If pictures are present, leave them out, and copy the data word for word.

| INPUT DATA |
.....
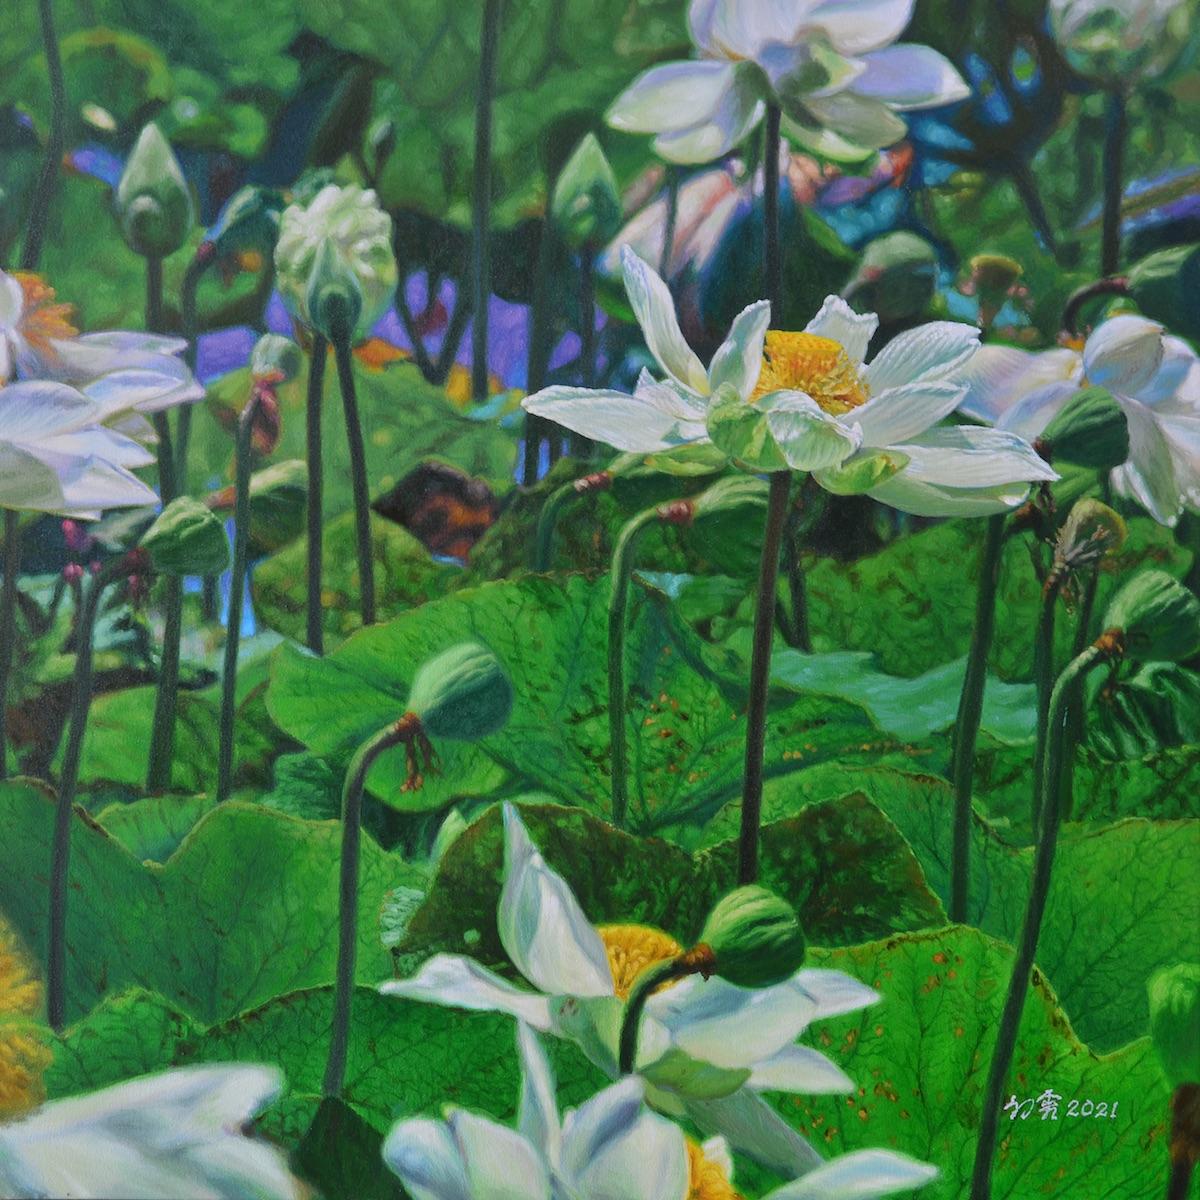 Lotus Tales, Hosba Story by Da Niu (CK Khor)
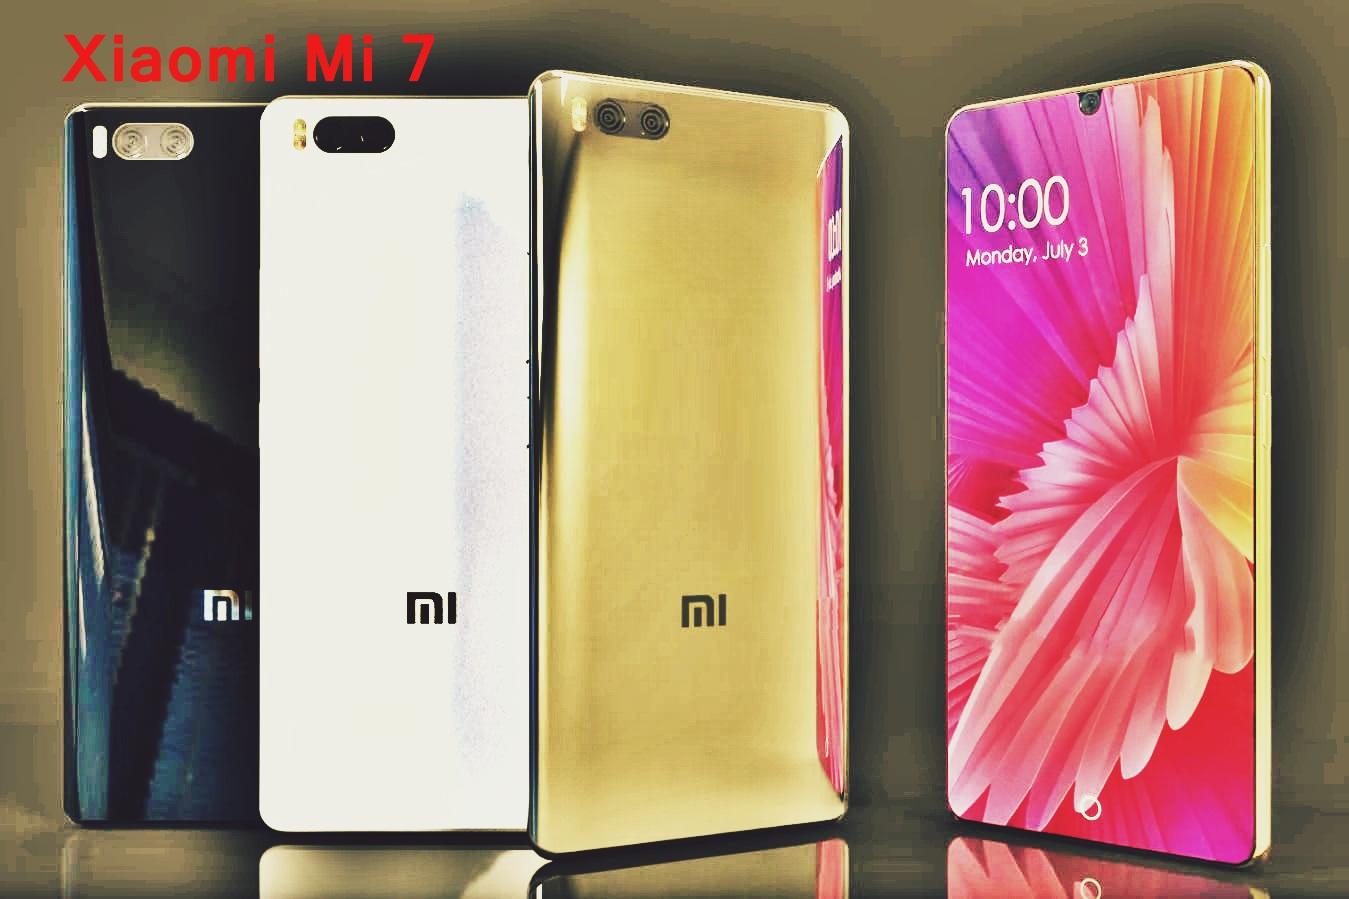 Xiaomi Mi 7: Rumors Roundup
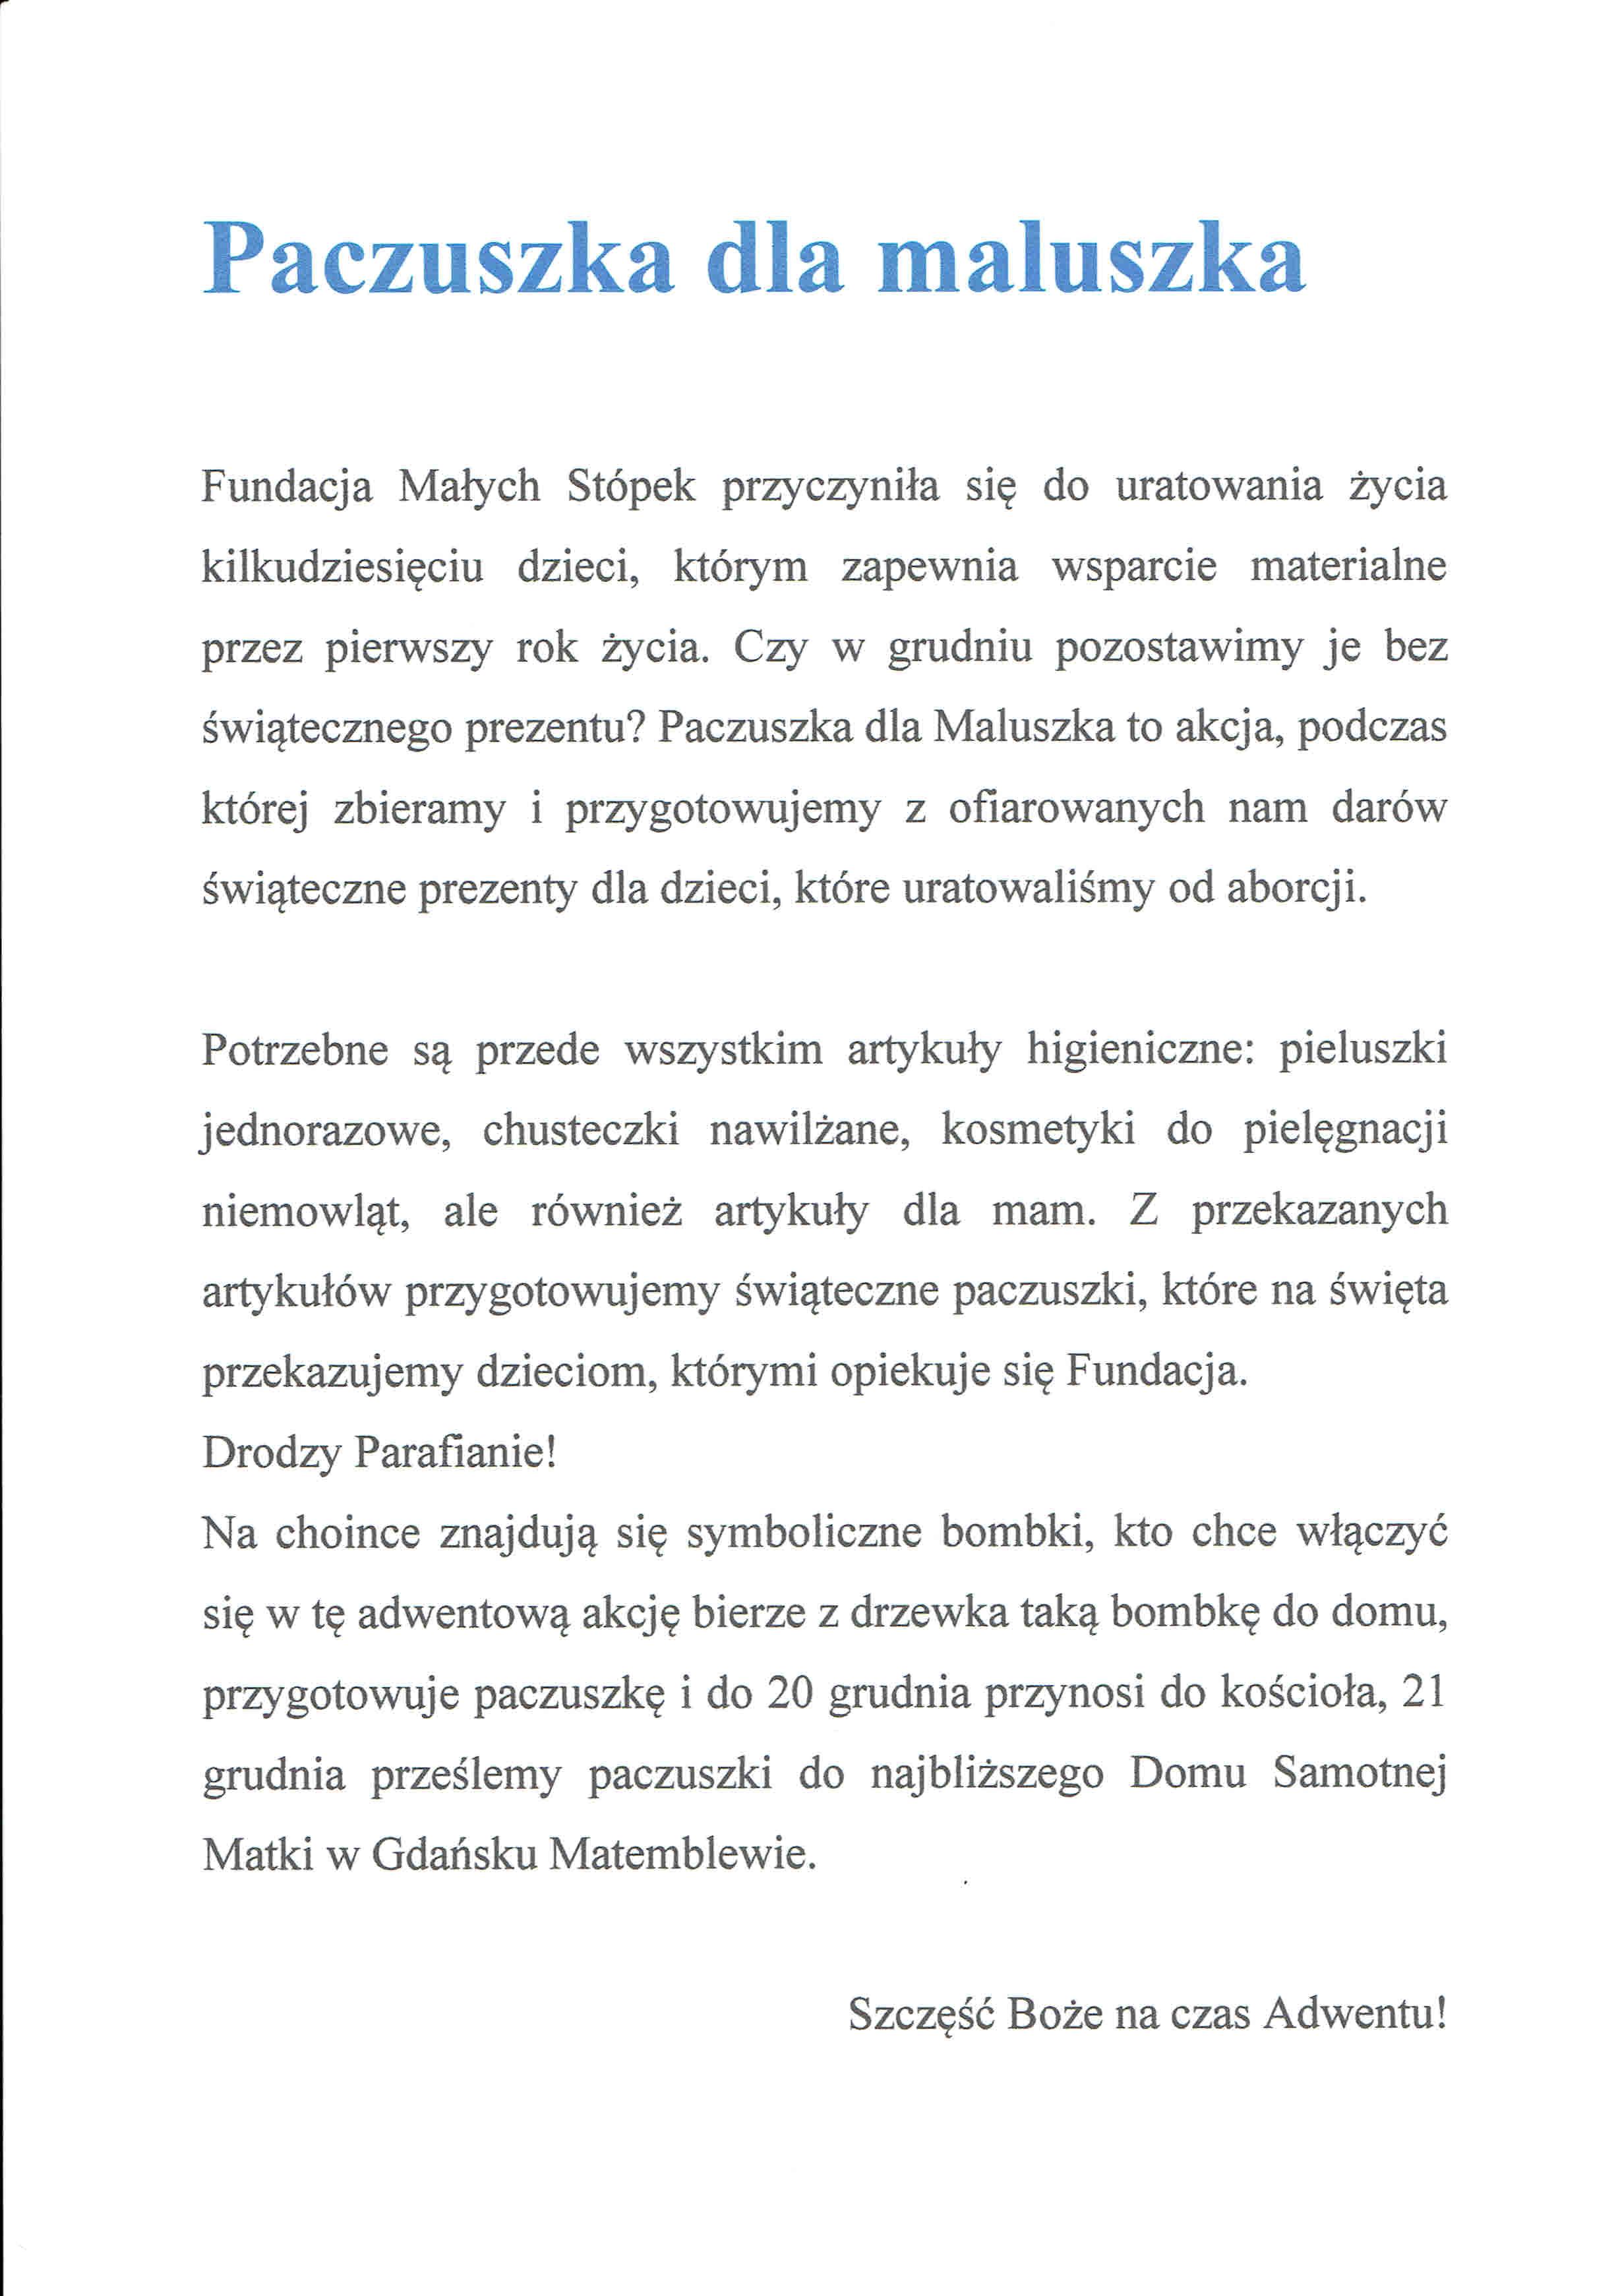 paczuszka20191130
.....
| SOLVED EXERCISE |
 Lotus Tales, Hosba Story by Da Niu (CK Khor)
 Xiaomi Mi 7: Rumors Roundup
 paczuszka20191130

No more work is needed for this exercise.